Art has been an inspiration for great minds since the beginning of the human era. The greatest thinkers, philosophers, entrepreneurs, sportsperson, politician; all used to get the spur of creativity from the art pieces. Even Adolf Hitler was a painter, initially. Art and its essence have always incited the finest brains of human civilization.

For centuries, humans used to pour out their imagination on wall caves and stones. Several frescos and wall paintings are examples of the existence of art even when electricity and technology weren’t invented. Then came the era of modernization and artists slowly invented brushes, canvases, and inorganic colors. The introduction of oil paints to the art world has been a real game-changer.

Industrial revolution ranged the bell of transformation from where the entire conceptualization and the source of art began to transit. But before all this modernization, artists, for centuries stick to the concept of figurative.

Figurative art means the representation of a real-life subject onto the canvas or other mediums. This subject can be humans too. Several depictions of Gods and Goddesses on temples, Churches, and other religious architectures that are ancient show that figurative art dominated the entire world from China to India, from America to Russia, and from Egypt to Australia for a long time.

The ideology

Art is a form of expression. This expression is of an artist. If we simply forget the modernism and contemporary time period, representation of an object with exquisite details and sheer aesthetics used to be the bottom-line of art. Figurative was popular, it inspired artists to utilize their skill and passion to bring life through colors.

The entire concept revolved around imitating the real-life events, experiences, objects, people, etc, on the canvas or cloth or wall or any medium. But, what was the purpose?

To understand this, you must see the folk art forms of India. There are several types of paintings that existed and each one of the art forms is inspired by figurative to the core. Even if the artists have imagined the deities, the representation was done in the human form. This was done just to make people understand the complexity and the sophistication of Gods. When people see something familiar, our mind works at a much faster speed. On the other hand, if we see an abstract painting where the subject doesn’t compliment the real world objects, our brain takes more time and sometimes even reject the art.

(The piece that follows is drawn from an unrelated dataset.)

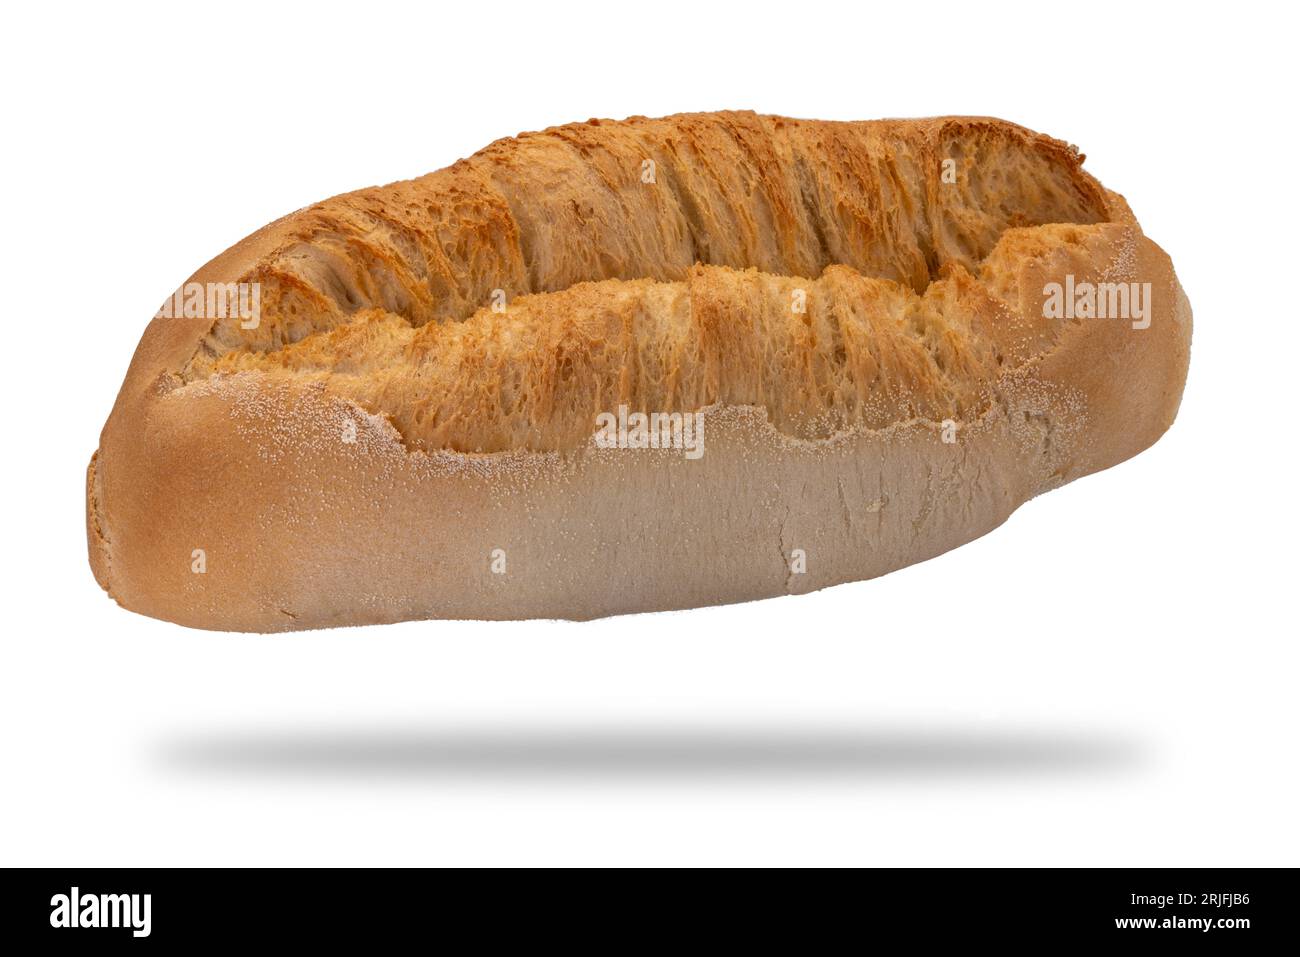 Italienischer Brotlaib, eine Art Brot aus dem Piemont, genannt Paesana. Isoliert auf weiß mit Beschneidungspfad enthalten Stockfoto

Hence, our human civilization, taking one step at a time, started with figurative. For hundreds of years, artists kept on improvising the figurative paintings on the basis of their understanding.

The protest

Industrial revolution turned the tide of conventional and academic-backed art forms. Artists were now more interested in getting out of the defined laws of art and make something out of themselves. The middle class was born and people were more interested in knowing why the artworks are only available for the riches and the elites.

Eventually, Impressionism was the first of the many attempts from modern artists to shift slowly but steadily away from figurative art. Even though the art was changing and abstraction and other modern forms started to shape their existence, the dominance of figurative was never shunned completely.

During the rise of abstractionism, artists started experimenting with different techniques to bring out something unique and fresh, something that was never done before. It was an era of newness and art was evolving. Along with this, figurative art was also evolving. Many modern era artists like Picasso and Pollock, at the time, started using figurative subject and blend it with the abstraction techniques.

In India, after 1947, a wave of modernism and nationalism hit the artists’ community that was focused to create a unique image of Indian art as a whole. Even then, figuratively was the favorite subject line for many artists.

Indian artists like Amrita Sher-Gil and Raja Ravi Varma were the main promoters of figurative. The portraits of Varma and Amrita stirred the western community making these two the very first of Indian artists to win global recognition and fame even when India was under the British colonial rule.

India and figurative art

A good majority of India art schools were inspired by the figurative. In fact, all of our traditional art forms were deeply inspired by the figurative concept of art. Be it the Madhubani, Miniature, Murals, Pattachitra, Pichwai, Mysore, Rajput, Mughal or Warli paintings, all of them had a major figurative touch in them.

It won’t be wrong to say that the beautiful paintings of every time-frame were and are still hugely carried away by the figurative itself. You can still find the touch of figurative form, even in the abstract and contemporary paintings.